You may have seen a TV ad promoting Internet service from the bellies of commercial airliners flying overhead, and Google has developed Project Loon, an apt name for high altitude balloons providing high speed Internet coverage across America.
None of these are yet working to distribute Broadband Internet in C and D Counties.
And by the time those more rural residents do get their high speed internet, there won’t be YouTube gun videos to promote gun ownership and shooting to new prospects.
We shouldn’t be surprised.
The major broadcast and cable channels have prohibited any form of firearm advertising for years. 25 years ago we struggled with ESPN in the first year of our gun show series when Colt was a sponsor, but couldn’t advertise their guns. Since then we’ve moved three times to new networks as each was taken over by anti-gun New York City-based owners. We’re pleased to make our television home now on the pro-second amendment Outdoor Channel.

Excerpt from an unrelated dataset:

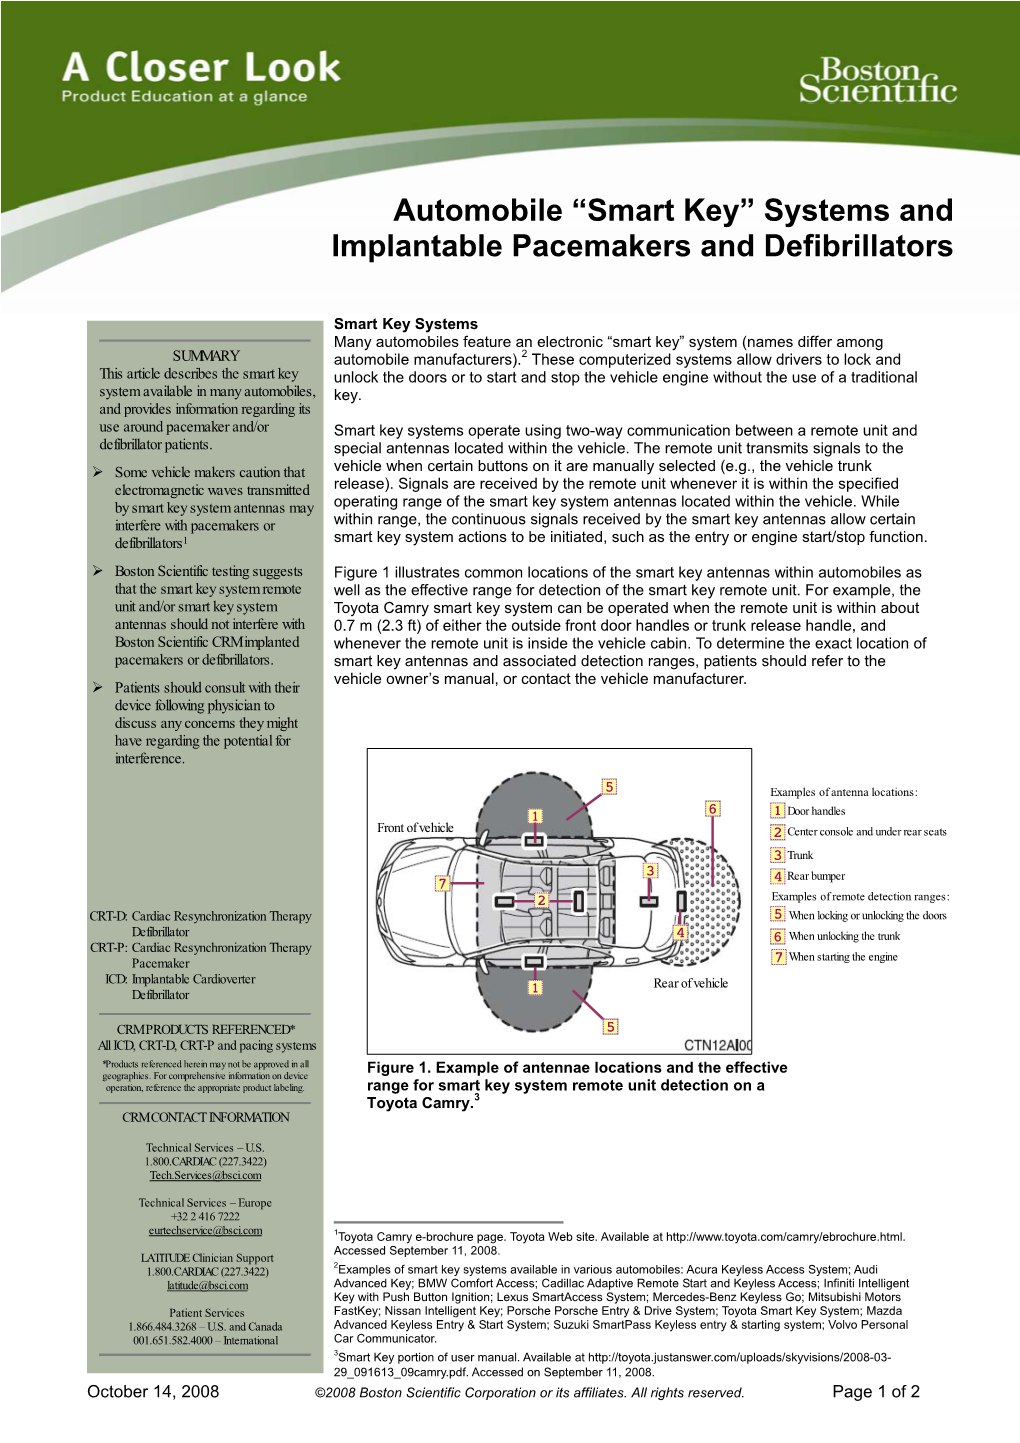 “Smart Key” Systems and Implantable Pacemakers and Defibrillators

There are other methods of posting firearms streaming video segments, including Outdoor Channel’s subscription service, My Outdoor TV.
But the free ride for firearms video is now over.
In difficult times, “free distribution” was certainly seductive, but it’s high time to ask some hard questions about ROI before your director yells “action” for the next video hardly anyone will actually see, even if YouTube decides you’re not in violation of their ever more restrictive anti-gun policies.
-- Jim Scoutten
Jim Scoutten has been producing and hosting television gun shows for 25 years. The series has appeared on ESPN, TNN, OLN, and for the past seven years, has anchored the Wednesday night firearms block of programs on Outdoor Channel. Scoutten’s independent production company is based in Franklin, Tennessee.